ARSsは、 この疾患は、間質性肺疾患(ILD)、筋炎、手関節炎、レイノー現象、関節炎を特徴とする異質な自己免疫疾患群である。 ASSD6 2,6 3には、抗ヒスチジル(抗Jo−1)、抗アラニル(抗PL−1 2)、抗スレオニル(抗pl−7)、抗アスパラギニル(抗KS)、抗グリシル(抗ej)、抗フェニルアラニル(抗Zo)、抗チロシル(抗H A)、抗イソ その中で、抗Jo-1抗体が最も一般的である。 Stone et al.による以前の研究。64は、抗Jo-1自己抗体のレベルが特発性炎症性ミオパチー活性と適度に相関していることを見出した。 驚くべきことに、抗ARS自己抗体特異性は、assd患者の臨床的特徴、疾患の重症度、さらには生存に関連していた65、66、67、68。 浜口他69は、抗ARS自己抗体が一般的に相互に排他的であり、二つ以上の抗体が同じASSD患者にはめったに現れないことを意味することを発見した。 さらに重要なことに、彼らは、抗Jo-1、抗EJ、および抗PL-7の臨床診断は、主に多発性筋炎または皮膚筋炎であり、抗PL-12の臨床診断は、主に臨床的に筋変性; また,抗K sおよび抗OJの臨床診断は主にILDであった。 一方、抗PL-7、抗EJ、および抗Jo-1自己抗体を有する患者は、発症時にILDのみを示した場合、後で筋炎を発症するであろう。 抗PL-7を有さない患者と比較して、抗PL-7を有する中国のASSD患者は、急速に進行性ILDを発症する可能性が高く、長期追跡の初期段階で生存率がより急速に低下した70。 さらに、log-rankテストとCox比例ハザード比を分析することにより、研究者らは、非Jo-1自己抗体患者はJo-1陽性患者と比較して生存率が悪いことを示した71。確かに、連続した研究は、ARS自己抗原と自然免疫応答および適応免疫応答との関係を定義しようとしている(図10)。

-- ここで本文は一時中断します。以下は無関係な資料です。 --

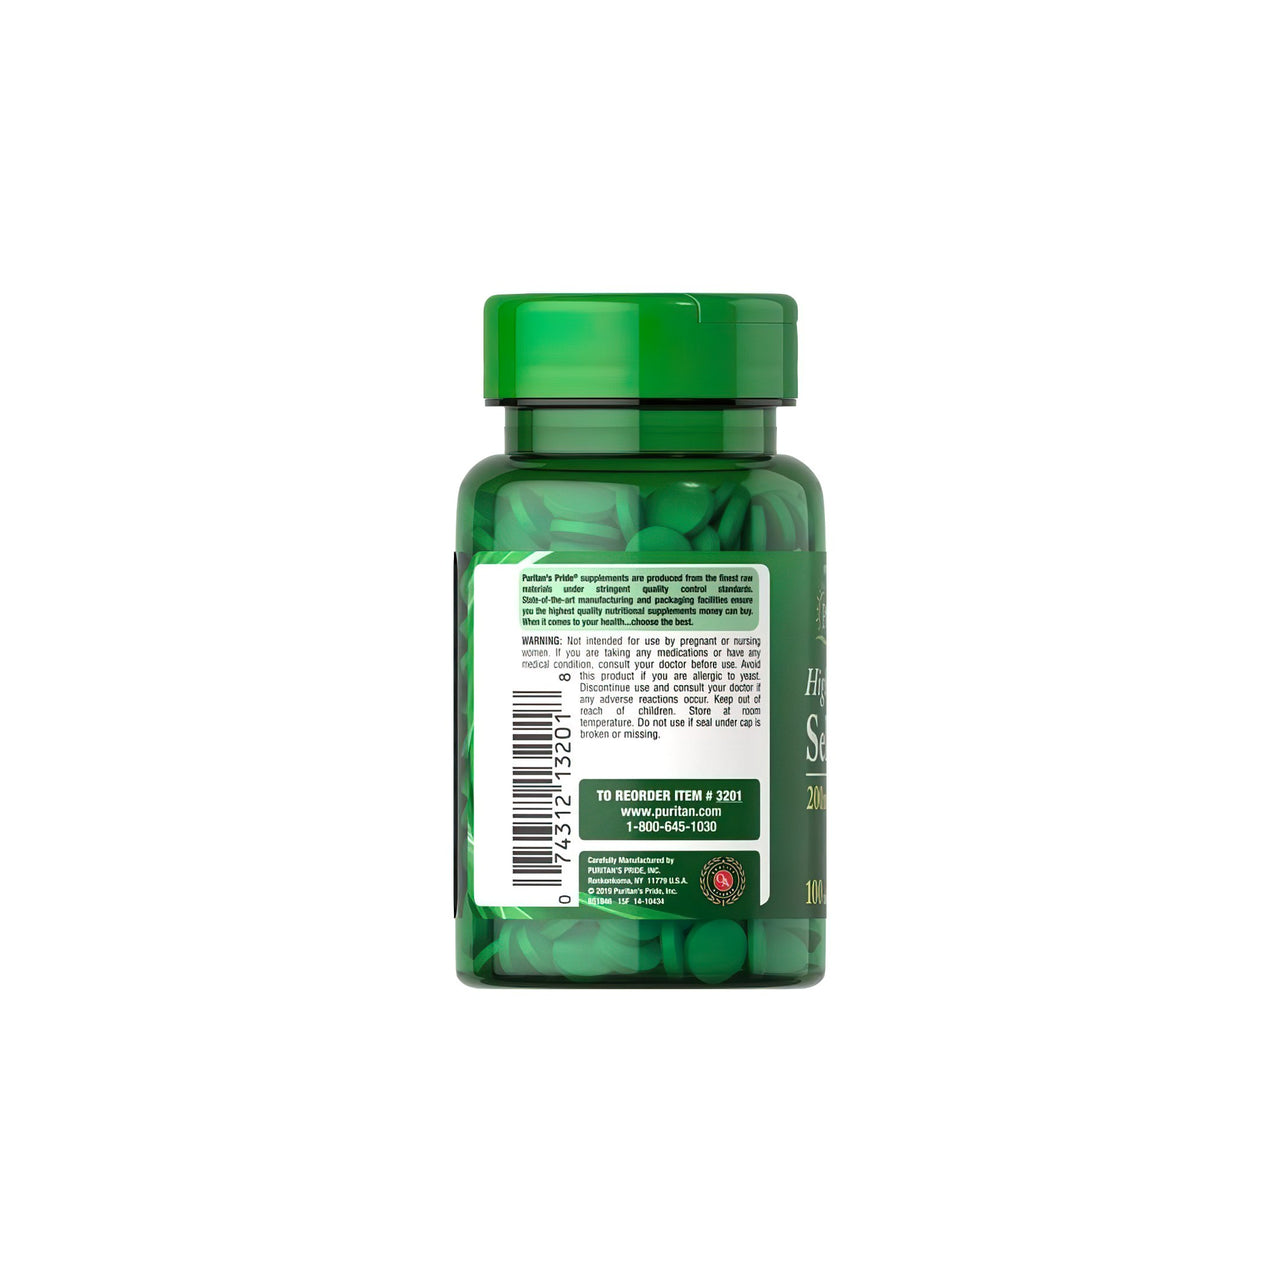 Un flacon de Puritan's Pride Selenium 200 mcg 100 comprimés, un complément alimentaire contenant du thé vert, un antioxydant, sur fond blanc.

実際には、ars自己抗原と自然免疫応答 2). Howard et al. ヒスチジル-tRNA合成酵素(HisRS)とAsnRSは白血球の化学誘引剤として作用することができるが、抗原活性のない他のARSsは同様の走化性活性を持たないことが明らかになった72。 具体的には、これらの二つの筋炎自己抗原は、選択的にリンパ球、活性化単球、および未熟なDcの遊走を誘導した。 さらに、HisRSはCCケモカイン受容体5(CCR5)トランスフェクト細胞を移行させ、AsnRSはCCR3トランスフェクト細胞を移行させた。 最近、ヒトAsnrのユニークなN末端伸長ドメインは、CCR3媒介性走化性活性と関連していることが示されている73。 フェルナンデス他74組換えHisrは、多発性骨髄分化一次応答遺伝子88(Myd88)依存性Tlrを介してマウスで筋炎を誘発することを観察しました。 すなわち、HisRS刺激TLR2とTLR4ダブルノックアウトマウスは、tlr2とTLR4シングルノックアウトマウスはまだ筋肉組織のリンパ球浸潤を示したのに対し、筋 ASSD患者からのナチュラルキラー(NK)細胞は、このような阻害性受容体Ig様転写物2(ILT2)と分化関連受容体CD57の発現の増加だけでなく、活性化受容体Nkp3075の 一方、IL-12プラスIL-18刺激NK細胞におけるIFN-γの合成は有意に障害され、細胞機能も異常であったことを示している。 特に,ASSD患者の肺組織におけるNK細胞の浸潤は密でびまん性であった。 これらの知見は,NK細胞がASSDの発生と進行に寄与していることを示唆している。

図。 2

ASSDの開発におけるARSsの役割。

Ascherman et al.PBMC由来抗原提示細胞(Ap C)およびDcの両方が、全長ヒトJo−1によって誘発される末梢血T細胞増殖を媒介することを支持したが、DcのみがJo−1断片に対 より深く、このT細胞増殖は、Jo-1陽性多発性筋炎患者におけるJo-1特異的T細胞応答の存在を示す、主要組織適合遺伝子複合体(MHC)クラスII依存性であ ヒトまたはマウスのJo-1によって誘導される初期の抗体応答を分析することにより、研究者らは、Jo-1免疫に対するB細胞およびT細胞応答が有意な種特異性を示すことを見出した77。 注の、マウスJo-1誘導自己反応性Bおよびt細胞は、独自のエピトープを標的とし、エピトープ拡散は、自己抗体Jo-1が持続的な免疫応答を駆動することがで Assd患者からPBMCsと気管支肺胞洗浄液(BALF)細胞がHisRSまたはHisRS由来ペプチド(Hisrs11-23)で刺激されたとき、対応する区画からCD4+T細胞におけるCD40Lの発現がupregulated78 PBMCsと比較して、BALF CD4+T細胞は、より多くのIFN-γおよびIL-2の産生などの刺激後に顕著なTh1表現型を示し、ASSD患者の血液および肺におけるHisRS特異的CD4+t細胞

これらの可能性のある自己免疫応答に加えて、ASSD患者の免疫系も他の異常を示す。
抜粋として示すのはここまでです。